Earthly life is the time of grace and mercy given by God so we can choose our ultimate destiny - eternal life or eternal death. Physical death brings this time to a close and seals our eternal destiny. The Church, therefore, encourages us to prepare ourselves for the hour of death. The most important preparation we can make for death is to avoid sin and persevere in a state of friendship with God. The soul in a state of grace, free from mortal sin, already enjoys a foretaste of eternal life. By contrast, the soul that is in a state of mortal sin is separated from God and experiences a foretaste of the eternal death of Hell. This is why Confession is so important. Confession of mortal sins restores us to the life of grace and regular confession of venial sins refines and perfects the life of grace. Living in a state of grace is the best preparation for death, which can come like a thief in the night.
Reception of the sacraments and the apostolic pardon in the last moments of our life is another very important way to prepare for death. In my previous parish, we had two big hospitals and I visited many visited many deathbeds. One day I received a call to attend to one of our parishioners, a woman of great faith, who had a stroke and was dying. Doctors say that the last faculty to fail is hearing, so I always make sure to speak loudly into the dying person’s ear when I arrive so they know the priest has come. I offered the various prayers, concluding with the Prayer of Commendation: “Go forth, Christian soul, from this world in the name of God the almighty Father, who created you, in the name of Jesus Christ, Son of the living God, who suffered for you, in the name of the Holy Spirit, who was poured out upon you, go forth, faithful Christian. May you live in peace this day, may your home be with God in Sion, with Mary, the virgin Mother of God, with Joseph, and all the angels and saints. Amen.” At that moment, she died.

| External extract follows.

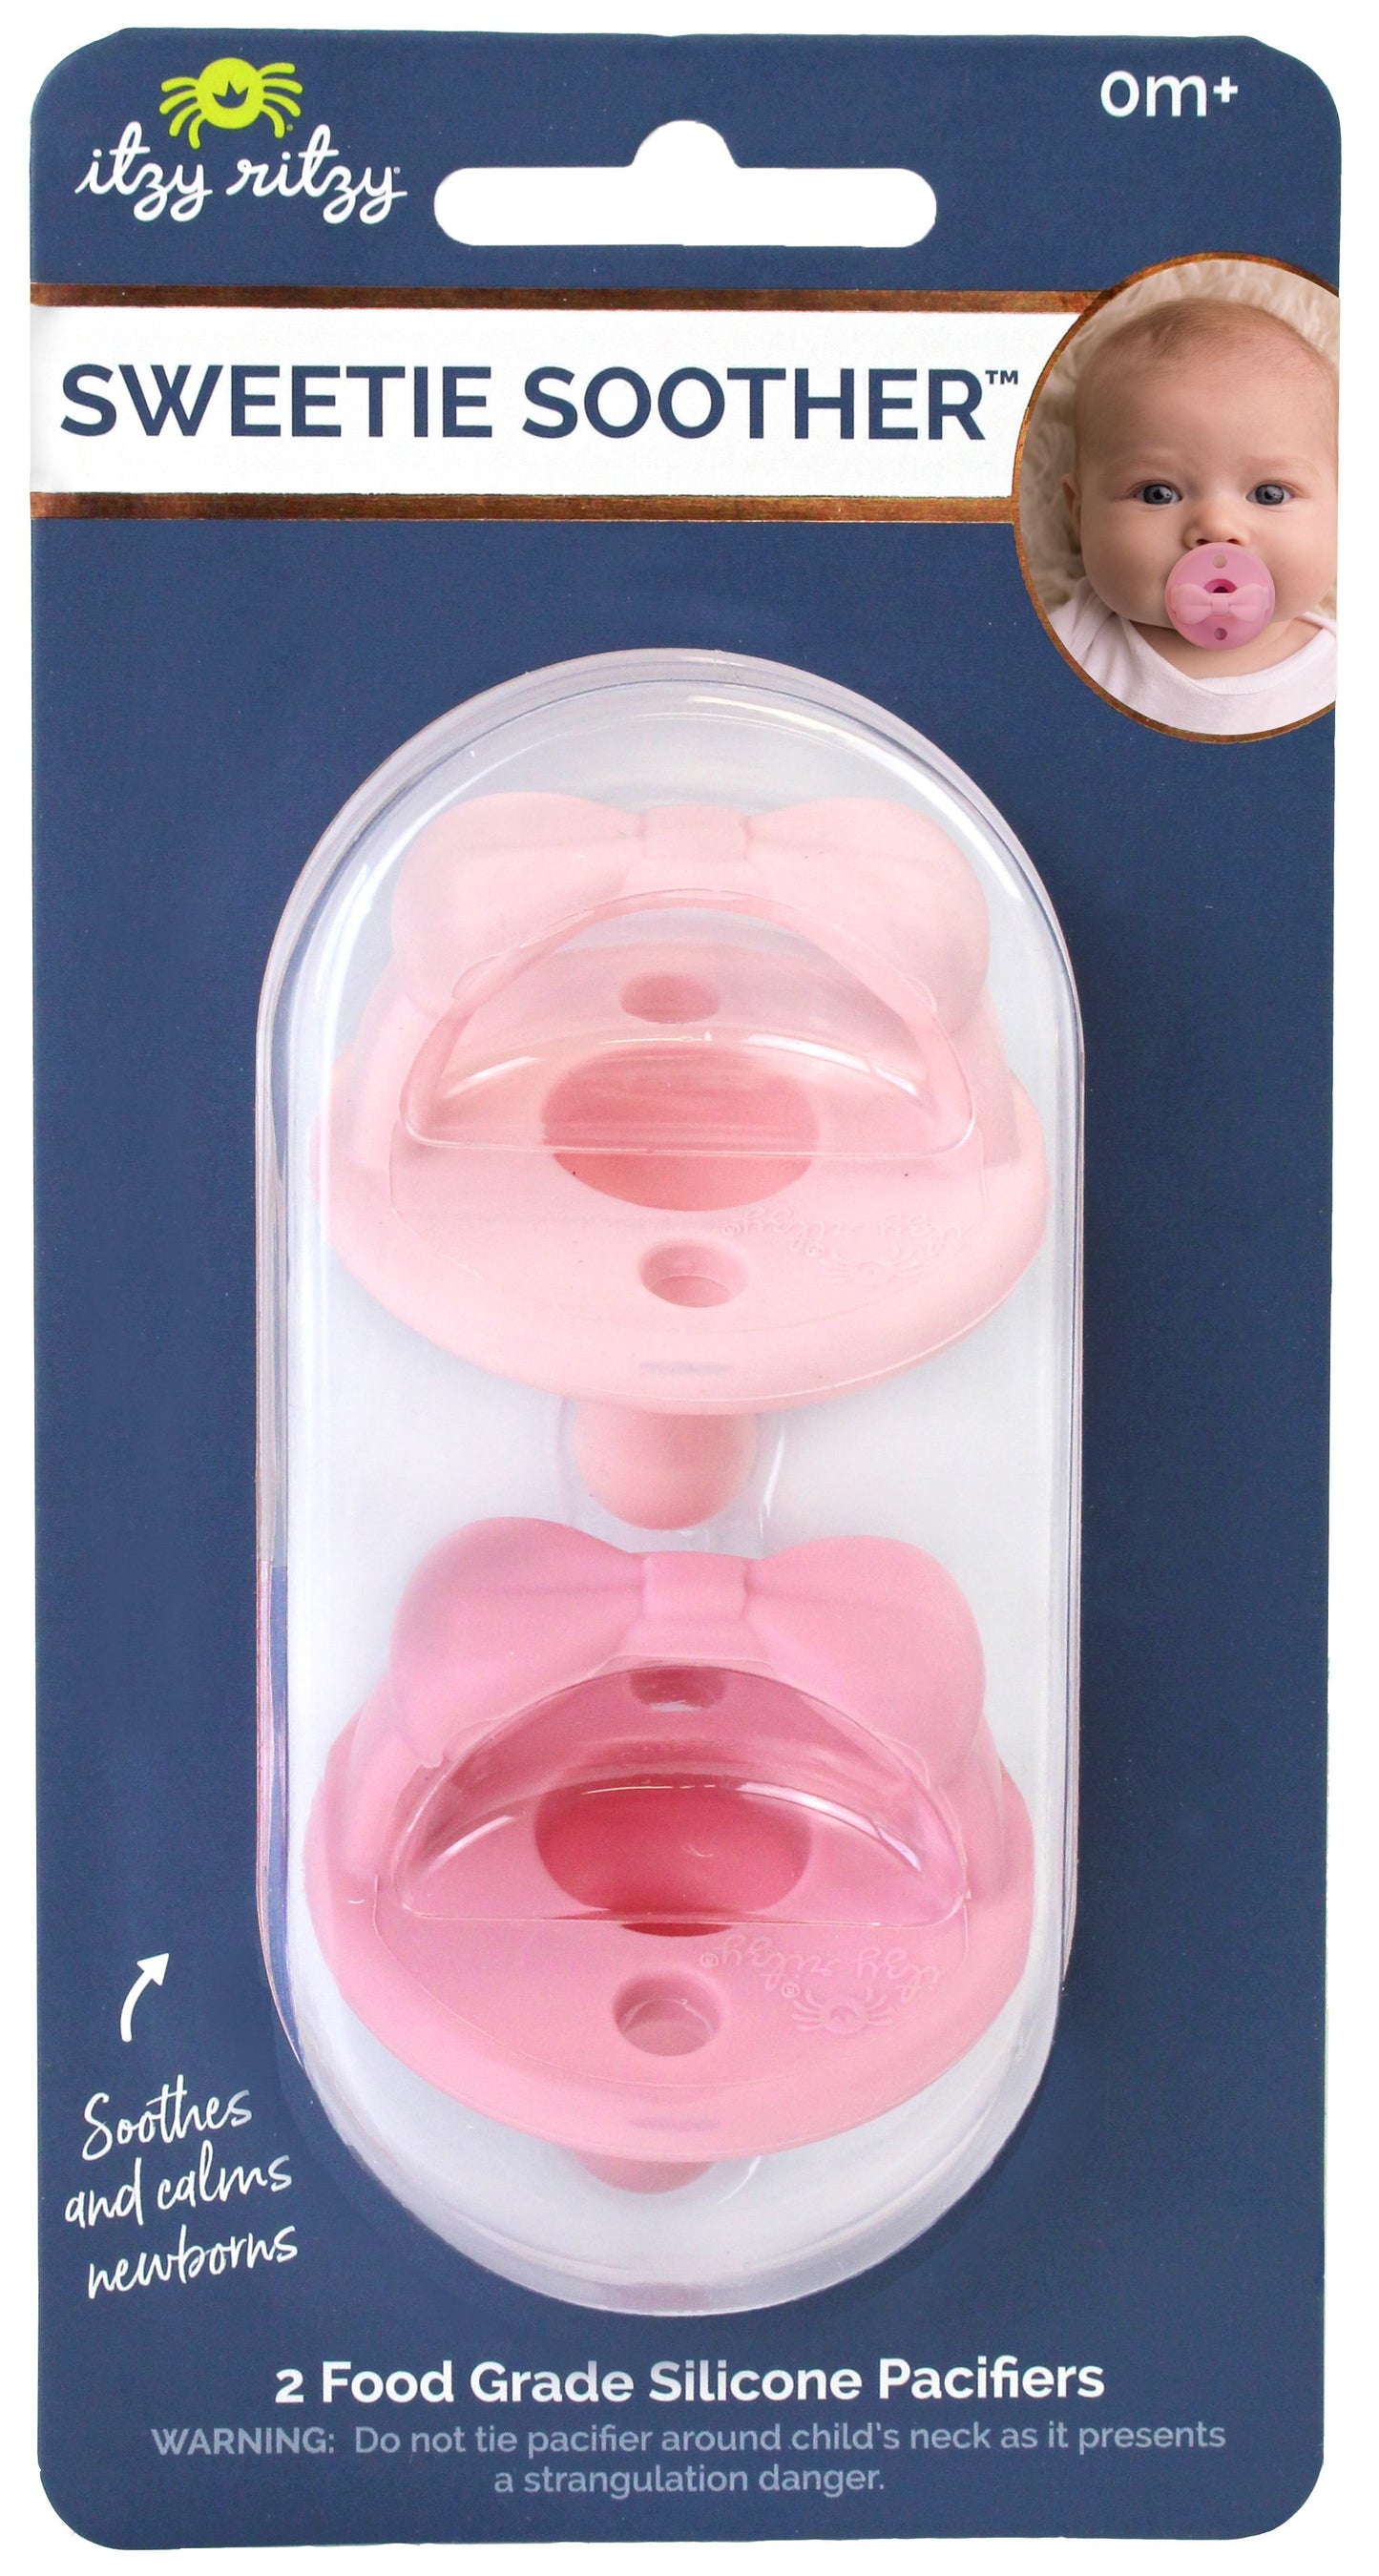 Itzy Ritzy Pink Bows Sweetie Soother Pacifier 2PC Set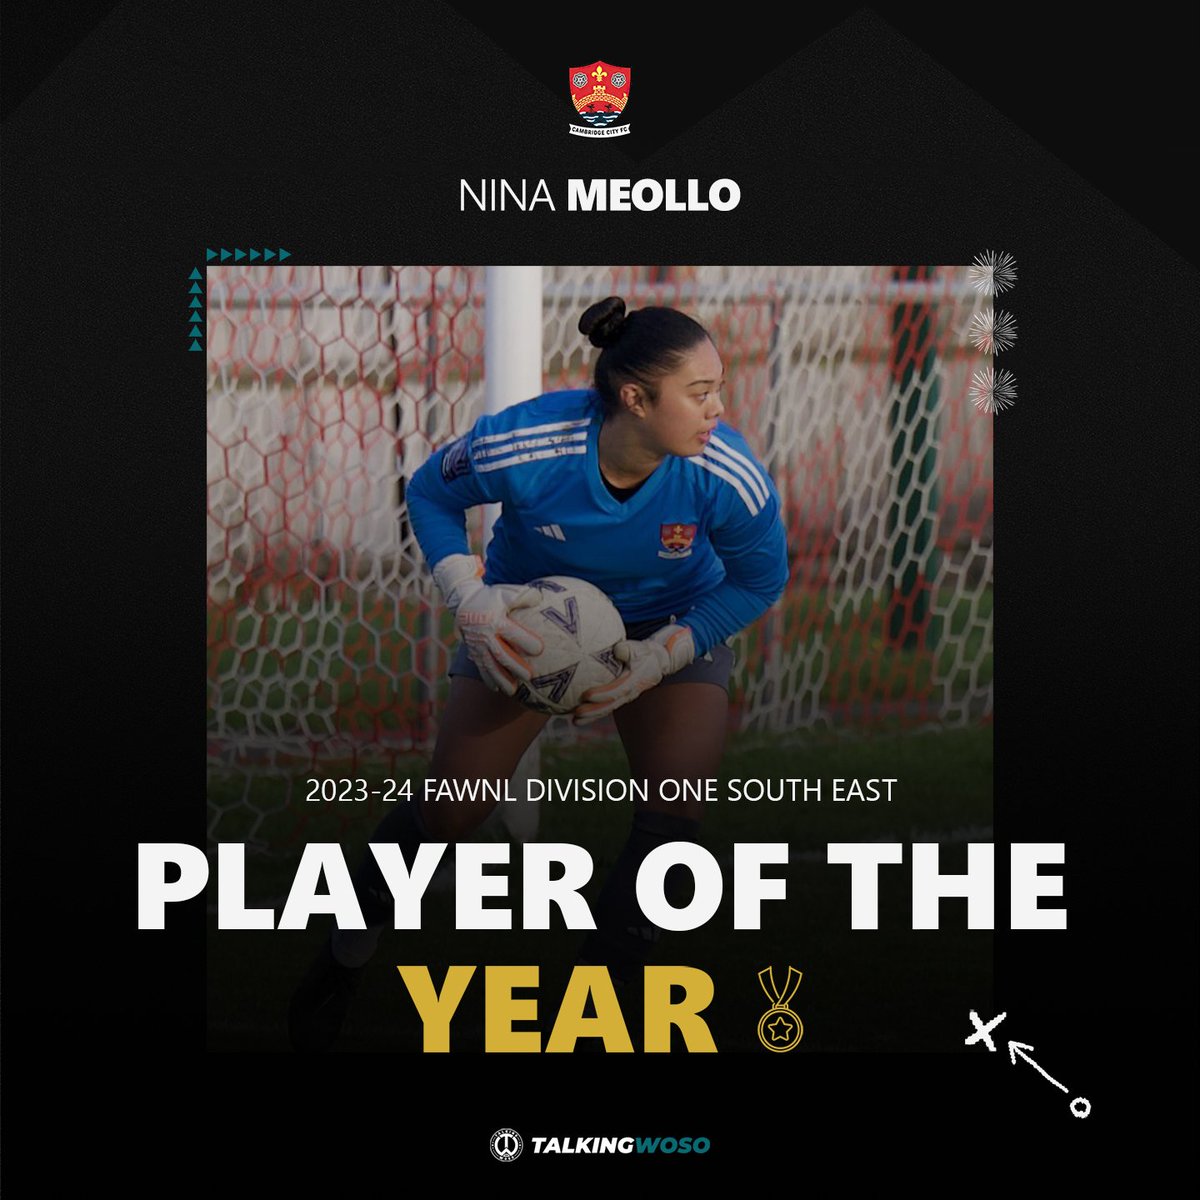 The 2023-24 FAWNL Division One South East Player of the Year... Nina Meollo. Meollo, whose performances earned her first international call-up for the Philippines, received the most Opposition Player of the Match awards in division to scoop the award. 📸 @cambscitygirls

In an age where medical care often means we are unconscious in our last moments, and where our family don’t necessarily share our faith, it is important we make sure our family, friends and medical team know that we want a priest called to our deathbed. This is what Jairus does in the Gospel. As his daughter is dying, Jairus calls for Jesus. By the time Jesus arrives, the girl is dead. The relatives are “weeping and wailing unrestrainedly.” Jesus rebukes their lack of faith in his power over death: “Why all this commotion and crying? The child is not dead, but asleep!” He takes the child by the hand, tells her to get up, and she gets up at once. In the same way, it is Jesus who visits, strengthens and sanctifies the dying soul through the priest and the sacraments. As the priest applies the oil of anointing to the hands of the dying person, Jesus reaches out to take them by the hand, and as the priest speaks the words of absolution and pardon, Jesus himself speaks: “Why all this commotion and crying? The child is not dead, but asleep!”